Susan Tan will present her FPO "Transpilation Utilizing Language-agnostic IR and Interactivity for Parallelization" on 05/30/2024 at 1pm in Friend Center 004.

The members of her committee are as follows: 
Examiners: Amit Levy, Aarti Gupta, Zachary Kincaid, David August (Adviser)
Readers: Johannes Doerfert (LLNL), Michael Kruse (AMD), and David August 

All are welcome to attend.

Abstract:
Migrating codes between architectures is difficult because different execution models require different types of parallelism for optimal performance. Previous approaches, like libraries or source-level tools, generate correct and natural-looking syntax for the new parallel model with limited optimization and largely leave performance engineering to the programmer. Recent approaches, such as transpilation at the compiler intermediate representation (IR) level, can automate performance engineering, but profitability can be limited by not having facts known only to the programmer. Decompiling the optimized program could leverage the strength of existing compilers to provide programmers with a natural compiler-parallelized starting point for further parallelization or refinement. Despite this potential, existing decompilers fail to do this because they do not generate portable parallel source code compatible with arbitrary compilers of the source language.

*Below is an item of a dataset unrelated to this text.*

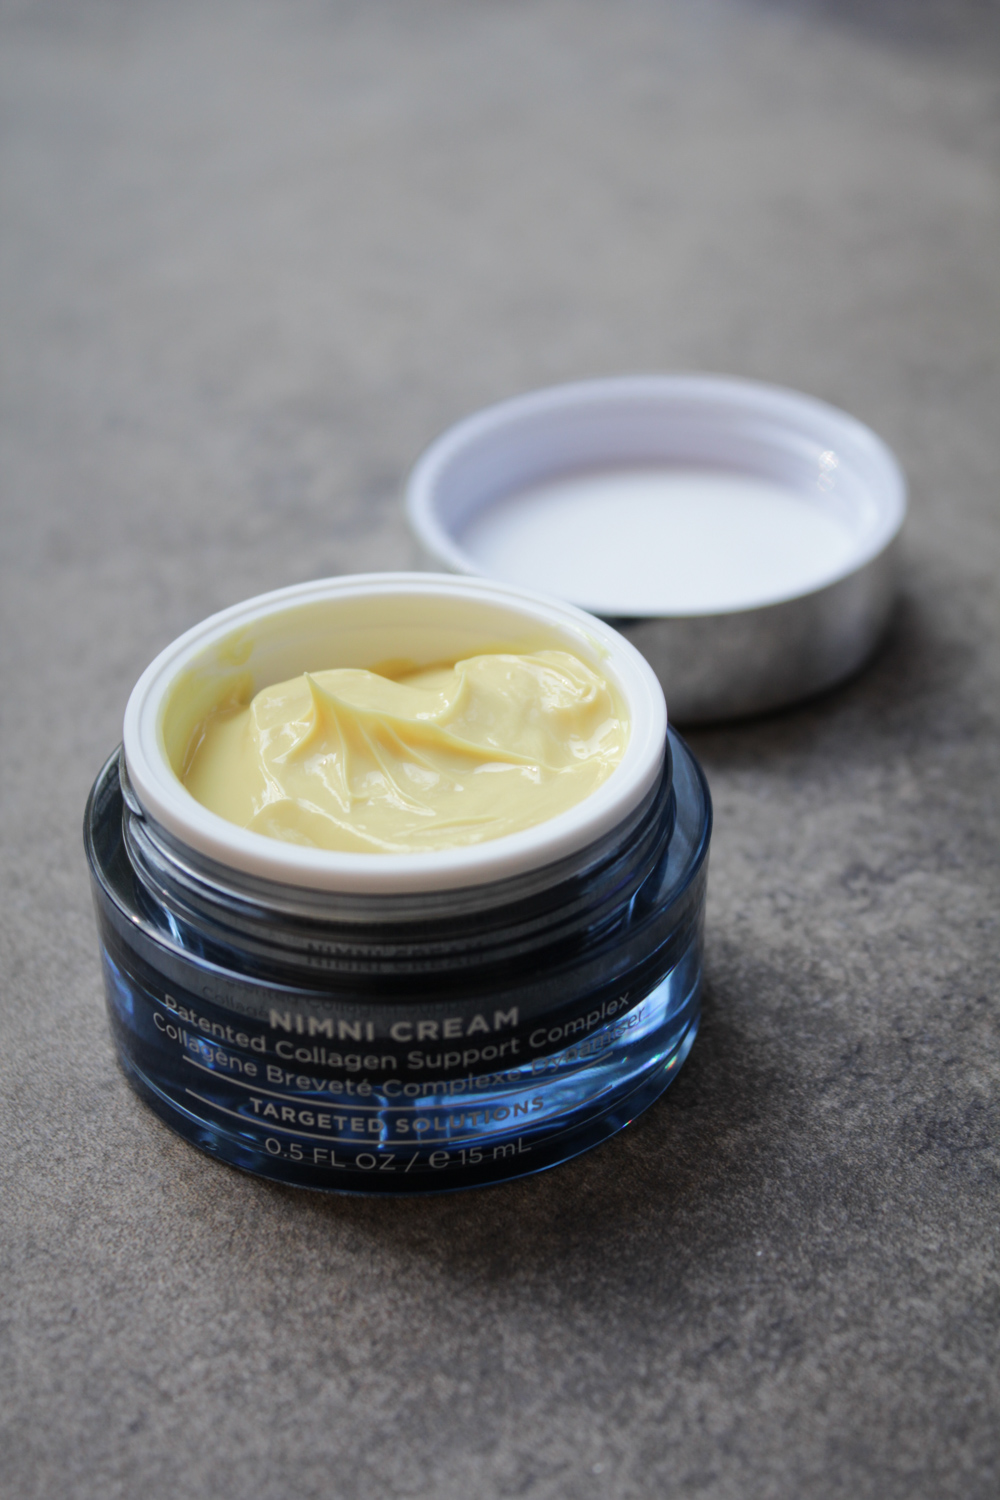 Favorite fall beauty products - Nimni Cream from HydroPeptide 

This thesis provides a method for migrating code such that the compiler and programmer work together to generate code with optimal performance. To achieve this, it introduces Tulip🌷 , a source-to-source code generation framework that operates via IR-level transpilation. Transpilation at the IR level enables Tulip to generalize the transformations applied to retarget parallelism. Furthermore, Tulip integrates the state-of-the-art automatic parallelization framework to explore additional parallelism expressible only in the target parallel programming model. It then generates natural source code through a novel decompiler, SPLENDID, in a high-level parallel programming language (OpenMP), which can be interactively optimized and tuned with programmer intervention. For 19 Polybench benchmarks, Tulip-generated OpenMPCUDA offloading programs perform 14% faster than the original CUDA sources on NVIDIA GPUs. Moreover, transpilation to the CPU leads to a 2.9x speedup over the best state-of-the-art transpiler. Tulip-generated portable parallel code is also more natural than what existing decompilers produce, resulting in a 39x higher average BLEU score.

This thesis includes contributions from Yebin Chon, Ziyang Xu, Sophia Zhang, and David I. August from Princeton Liberty Research Group, Brian Homerding, Yian Su, and Simone Campanoni from Northwestern Arcana Lab, Michael Kruse (AMD), Johannes Doerfert (LLNL), William S. Moses (UIUC), and Ivan R. Ivanov (Tokyo Tech).